A dataset containing the variables concatenated across all specified files. The variable data itself is not loaded into memory.

See also

open
openall

Notes

This is intended to provide access to large datasets whose files are separated by timestep. To avoid opening every file individually, the time axis is constructed by opening the first and the last file in the list of files provided. This is done to provide a template of what variables and what times are stored in each file - it is assumed that the number of timesteps (and their offsets) is the same accross the whole dataset. The time axis is then constructed from the filenames themselves, using the function file2date to generate a date from each filename. As a result only two files need to be opened, which makes this a very efficient way to work with very large datasets.

However, no explicit check is made of the integrity of the files - if there are corrupt or missing data within individual files, this will not become clear until that data is actually accessed. This can be done explicitly with check_multi(), which explicitly attempts to access all the data and returns a list of any problems encountered; this can take a long time, but is a useful check (and is more likely to provide helpful error messages).

The function opener must take a single positional argument - the filename of the file to open - and keyword arguments that are passed through from this function. It must return a Dataset object with the loaded variables. By default the standard open() is used, but providing a custom opener can be useful for any reshaping of the variables that must be done prior to concatenating the whole dataset.

pygeode.save(filename, dataset, format=None, cfmeta=True, **kwargs)[source]

Saves a Var or Dataset to file.

Parameters
filenamestring

Path of file to save to.

datasetVar, Dataset, or collection of Var objects or

dict of Dataset objects. The dataset is consolidated using dataset.asdataset(). Dicts of Dataset objects are written as groups to netcdf4 files.

formatstring, optional

String specifying format of file to open. If none is given the format will be automatically detected from the file (see autodetectformat())

cfmetaboolean

If true, metadata is automatically written specifying the axis dimensions following CF metadata conventions.

Notes

The format of the file is automatically detected from the filename (if possible).
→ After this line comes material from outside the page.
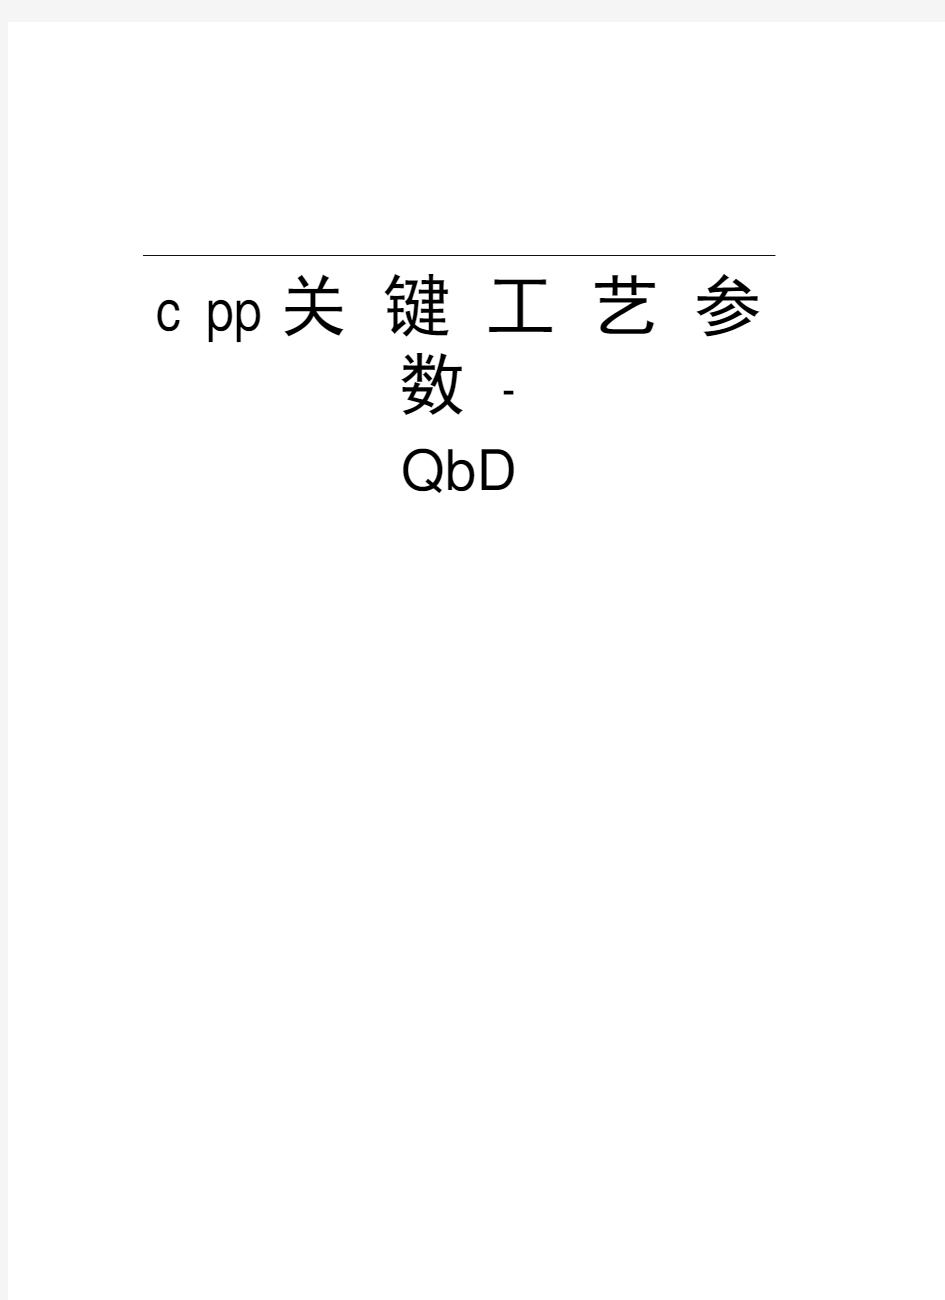 cpp关键工艺参数-QbD教程文件

The NetCDF format is at present the best supported.

pygeode.formats.autodetectformat(filename)[source]

Returns best guess at file format based on file name.

Parameters
filenamestring

Filename to identify

Returns
string

String specifying identified file format.

Raises
ValueError

If the format cannot be determined from the extension.

See also

extdict
pygeode.formats.multifile.check_multi(*args, **kwargs)[source]

Validates the files for completeness and consistency with the assumptions made by pygeode.formats.multifile.open_multi.